Actualité du 19.02.2018

Proposition afin d’abaisser le nombre de signatures requis pour déposer un référendum communal à 5%, Simon Murith (DC/vl)

Comment appelez-vous une ville où l’exécutif détient les pleins pouvoirs, où le parlement a excessivement peu de compétences et où les citoyens n’ont pas leur mot à dire ? Cette ville a un nom : Fribourg !

Blaise Fasel et moi rêvons d’un Fribourg, et à plus long terme d’un Grand Fribourg, où le citoyen peut s’exprimer sur la politique locale en dehors des périodes électorales, où il est sensible et critique face aux enjeux qui l’impactent directement. Nous voulons repenser la gouvernance de la ville, pour une nouvelle forme de démocratie, ouverte, renforcée et moderne. C’est dans cette optique que nous proposons donc de fixer le nombre de signatures requises à un taux raisonnable de 5% du corps électoral.
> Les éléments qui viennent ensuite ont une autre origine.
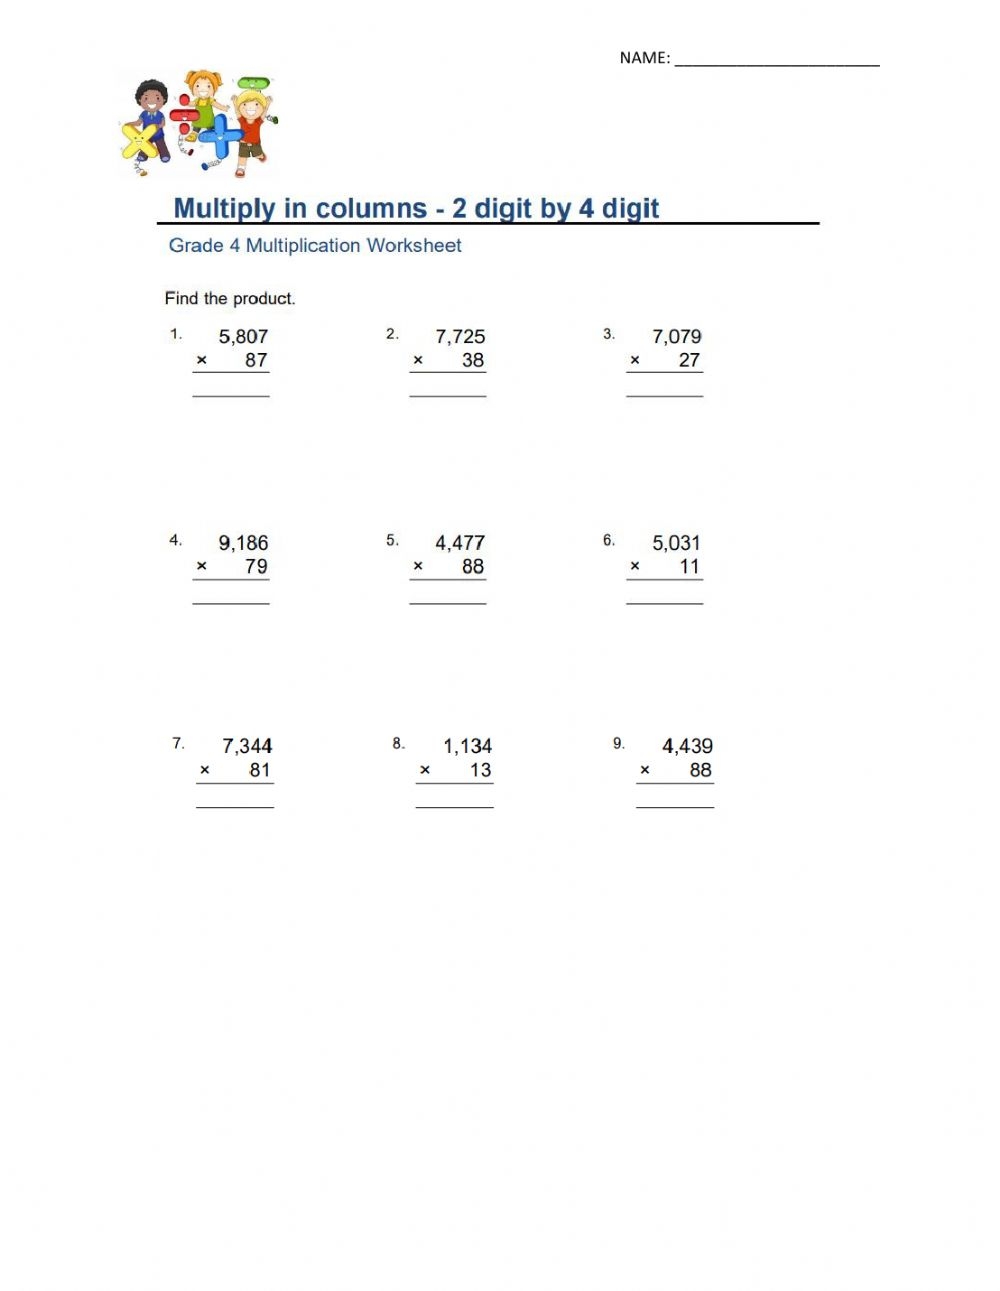 Multiply In Columns 2 digit By 4 digit Worksheet
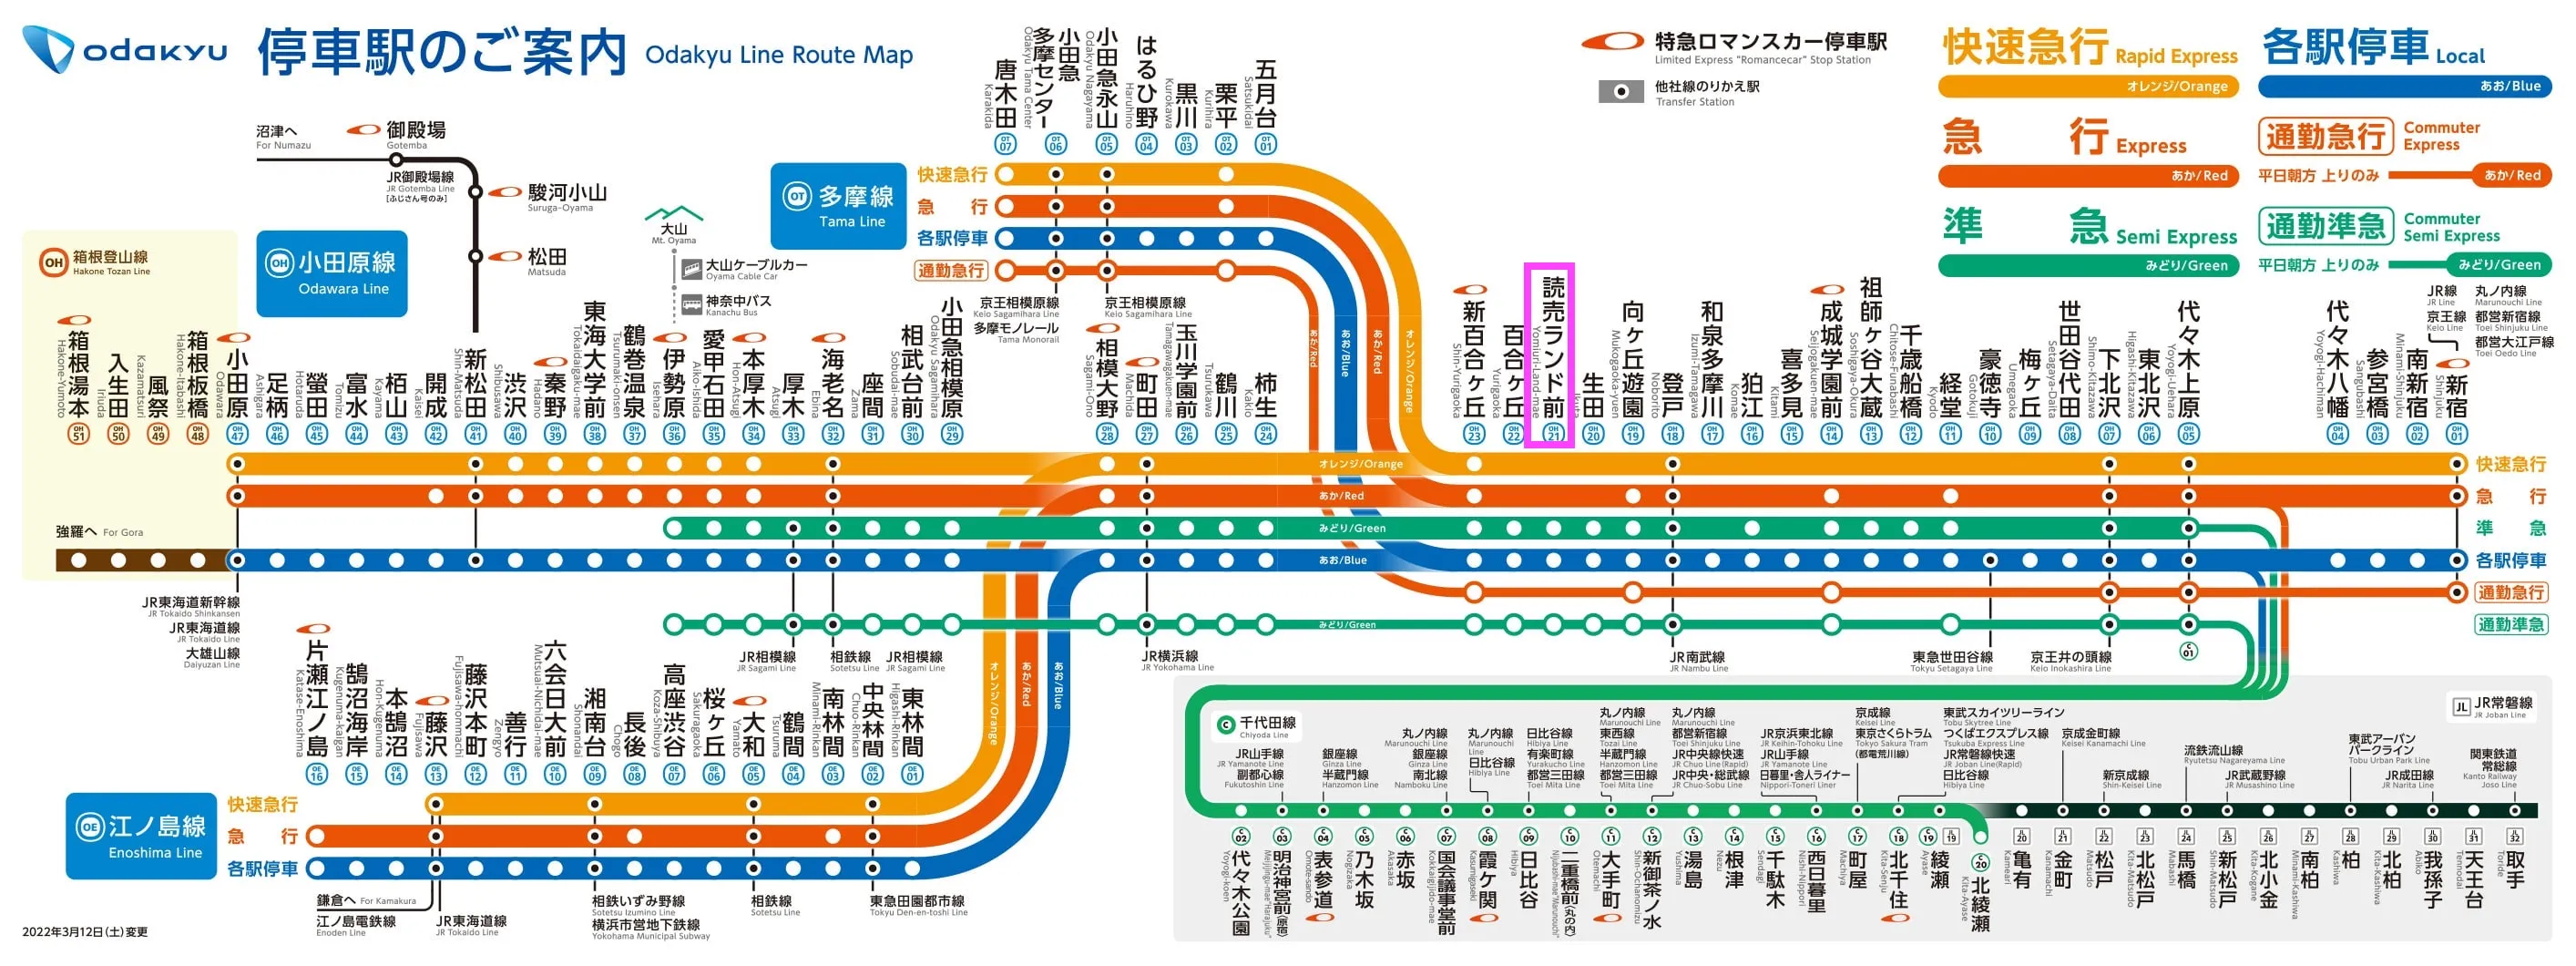 แผนที่เส้นทางสาย Odakyu Odawara

Cette possibilité d’abaissement a été ouverte par le Grand Conseil et les centres cantonaux doivent en faire usage. Bulle l’a compris ; à nous maintenant de faire le pas, de garantir les droits politiques des habitants et de renforcer notre démocratie.

Car actuellement les droits politiques sont à peine garantis dans notre ville, et ceci contrairement aux prescriptions de notre constitution fédérale. C’est une réalité : aujourd’hui il est très difficile pour un acteur de la société civile et même pour un parti politique organisé de récolter quelques 2’600 signatures – sans compter la marge d’erreur d’au moins 10% – en 30 jours. Et cette entrave se confirme dans les chiffres : aucun référendum communal n’a été déposé depuis 2006 ! Est-ce à croire que nos concitoyens sont en accord total sur toutes les décisions prises depuis ? Permettez-moi d’en douter.

Pourtant, nous prenons des décisions qui influent quotidiennement sur leur vie. Sans contrôle populaire possible, ces décisions n’ont que peu de légitimité. Et ce à l’heure où tout autour de nous, nous faisons l’expérience de concitoyens qui doutent; ils doutent d’être représentés, ils doutent de notre démocratie, ils se méfient des majorités qui prennent des décisions à l’emporte-pièce.

Avec notre proposition, nous recréons la confiance, nous responsabilisons nos concitoyens et nous légitimons nos décisions.

Chères et Chers collègues, la confiance appelle la confiance. Le PDC vous demandent de faire confiance à la population de la Ville de Fribourg et de l’associer aux décisions qui la façonnent.